[...] J’avais passé moins de cinq minutes sur le toit du monde.
[...] En mars 1996, le magazine Outside m’envoya au Népal pour participer à une ascension de l’Everest et en faire le récit.
En 1852, Sikhdar , un arpenteur indien au service de la couronne britannique mesure pour la première fois la hauteur du nouveau toit du monde.
[...] L’explorateur américain Robert Peary avait annoncé qu’il avait atteint le pôle Nord en 1909. Roald Amundsen avait mené une expédition norvégienne au pôle Sud en 1911. L’Everest, le « troisième pôle », devenait l’objectif le plus convoité des explorateurs terrestres.
Les premiers au sommet furent en 1953, Edmund Hillary et le sherpa Tensing Norgay :
[...] Cent un ans s’écoulèrent après la découverte de Sikhdar avant que le sommet soit finalement atteint. Quinze expéditions s’étaient succédé et vingt-quatre hommes avaient perdu la vie.
En 1996, les expéditions "commerciales" sont devenues monnaie courante (mauvais jeu de mots) et l'on peut se faire amener à l'altitude de croisière des avions pour environ 65.000 dollars (et deux mois de congés).

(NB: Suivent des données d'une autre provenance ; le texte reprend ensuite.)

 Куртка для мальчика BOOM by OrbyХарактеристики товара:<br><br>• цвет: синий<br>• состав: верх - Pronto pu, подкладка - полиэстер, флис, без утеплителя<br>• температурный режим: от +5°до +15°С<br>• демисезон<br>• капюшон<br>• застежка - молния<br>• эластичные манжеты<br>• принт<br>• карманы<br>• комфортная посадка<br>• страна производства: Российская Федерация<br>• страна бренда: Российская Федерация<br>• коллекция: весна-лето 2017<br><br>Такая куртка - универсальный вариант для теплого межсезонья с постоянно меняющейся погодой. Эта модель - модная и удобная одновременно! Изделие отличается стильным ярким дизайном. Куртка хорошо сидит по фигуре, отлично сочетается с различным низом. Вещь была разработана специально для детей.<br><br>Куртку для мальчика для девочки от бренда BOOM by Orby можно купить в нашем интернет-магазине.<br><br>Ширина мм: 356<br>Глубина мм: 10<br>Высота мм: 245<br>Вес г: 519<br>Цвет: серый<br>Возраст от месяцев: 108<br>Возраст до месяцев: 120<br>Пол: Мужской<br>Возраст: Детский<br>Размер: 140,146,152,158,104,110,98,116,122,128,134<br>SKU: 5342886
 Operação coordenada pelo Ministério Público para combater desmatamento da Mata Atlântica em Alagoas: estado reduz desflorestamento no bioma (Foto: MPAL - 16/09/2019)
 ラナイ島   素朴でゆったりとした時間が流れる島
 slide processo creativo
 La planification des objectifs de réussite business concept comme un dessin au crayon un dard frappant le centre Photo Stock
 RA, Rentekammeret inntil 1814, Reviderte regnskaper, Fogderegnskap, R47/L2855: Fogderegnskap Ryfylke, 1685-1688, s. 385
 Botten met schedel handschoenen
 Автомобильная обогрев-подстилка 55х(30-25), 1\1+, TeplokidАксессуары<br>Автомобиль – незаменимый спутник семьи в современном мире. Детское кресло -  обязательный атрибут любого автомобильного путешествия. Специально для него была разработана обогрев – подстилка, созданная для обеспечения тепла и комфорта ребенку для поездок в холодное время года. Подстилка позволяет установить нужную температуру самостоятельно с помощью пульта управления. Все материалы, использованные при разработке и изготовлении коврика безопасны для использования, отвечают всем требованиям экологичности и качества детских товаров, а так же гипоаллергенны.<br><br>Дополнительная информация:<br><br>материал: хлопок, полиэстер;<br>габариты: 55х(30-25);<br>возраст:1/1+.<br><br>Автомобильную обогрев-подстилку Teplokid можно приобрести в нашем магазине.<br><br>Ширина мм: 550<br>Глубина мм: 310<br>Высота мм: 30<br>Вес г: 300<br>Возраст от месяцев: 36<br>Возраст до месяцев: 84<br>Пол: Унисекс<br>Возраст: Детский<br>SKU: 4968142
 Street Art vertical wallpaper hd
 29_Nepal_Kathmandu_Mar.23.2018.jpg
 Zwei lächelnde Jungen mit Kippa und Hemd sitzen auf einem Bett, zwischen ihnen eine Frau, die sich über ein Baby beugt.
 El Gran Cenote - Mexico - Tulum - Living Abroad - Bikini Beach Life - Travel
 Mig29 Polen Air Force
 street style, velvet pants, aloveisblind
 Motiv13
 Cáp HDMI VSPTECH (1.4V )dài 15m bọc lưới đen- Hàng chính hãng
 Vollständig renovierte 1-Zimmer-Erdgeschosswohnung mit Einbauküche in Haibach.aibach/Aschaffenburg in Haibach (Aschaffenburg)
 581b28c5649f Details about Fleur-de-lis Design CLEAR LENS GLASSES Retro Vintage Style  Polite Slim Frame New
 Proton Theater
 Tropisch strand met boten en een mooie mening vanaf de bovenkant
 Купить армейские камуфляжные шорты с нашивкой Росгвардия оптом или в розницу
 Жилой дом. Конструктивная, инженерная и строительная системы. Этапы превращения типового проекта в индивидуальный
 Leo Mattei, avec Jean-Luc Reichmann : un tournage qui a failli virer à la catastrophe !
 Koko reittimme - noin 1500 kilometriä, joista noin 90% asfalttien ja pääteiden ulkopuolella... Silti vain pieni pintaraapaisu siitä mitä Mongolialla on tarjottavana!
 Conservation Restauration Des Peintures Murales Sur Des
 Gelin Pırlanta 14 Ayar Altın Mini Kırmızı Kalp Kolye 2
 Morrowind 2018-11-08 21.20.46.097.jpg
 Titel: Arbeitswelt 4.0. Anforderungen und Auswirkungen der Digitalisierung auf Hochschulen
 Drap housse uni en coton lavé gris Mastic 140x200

Au printemps 1996 il y avait quatorze cordées et plus de 300 tentes au camp de base à 5.300 mètres.
Jon Krakauer accompagne l'une de ces cordées.
On connait désormais l'issue de la tragédie que l'on a pu voir au cinéma en 2015 dans le film de l'islandais Baltasar Kormakur : 8 morts ce jour-là perdus en plein blizzard et tempête de neige à 8000 mètres. La saison fut l'une des plus meurtrières (sans compter les amputations de doigts ou de nez).
Jusqu'où peut aller la folie des hommes ?
Krakauer nous en donne un assez bon aperçu, même s'il se perd un peu parfois (mais jamais trop longtemps) dans les justifications et explications pas très utiles rétrospectivement : qu'est-ce qui a foiré ? qui a merdé ? etc ...
Il souffre un peu du complexe du survivant, on le comprend.
[...] Au printemps 1996, l’Everest tua en tout douze hommes et femmes. Ce fut la pire saison depuis que des alpinistes vont sur cette montagne, c’est-à-dire depuis soixante-quinze ans.[...] Une tragédie de cette importance était prévisible étant donné le nombre d’alpinistes si peu qualifiés qui se rendent en foule sur l’Everest de nos jours.[...] Entre 1921 et mai 1996, 144 personnes sont mortes pour 630 ascensions réussies, soit une sur quatre.
Et puis là-haut on est bien loin de la solidarité entre sportifs, que ce soit entre les cordées concurrentes ou même au sein d'une même équipe : des pieds à la tête, le corps va si mal que c'est plutôt chacun pour soi.
Et que dire de la satisfaction de ceux qui arrivent au sommet ?
Le froid, la soif, l'épuisement, les engelures, la faim, la fatigue, le sommeil, le manque d'oxygène, ... les zombies prennent une photo rapide et hagards, entament la redescente au plus vite.
Trop tard pour certains qui n'arriveront pas au camp.
[...] Dans ces conditions, je sentais que j’avais froid, que j’étais fatigué, et rien d’autre.[...] J’avais passé moins de cinq minutes sur le toit du monde.
❤️ Paradoxalement, le récit est à la fois une triste peinture de cette folie meurtrière et un formidable roman d'aventures hors du commun.
Pour celles et ceux qui aiment la montagne, même en colère.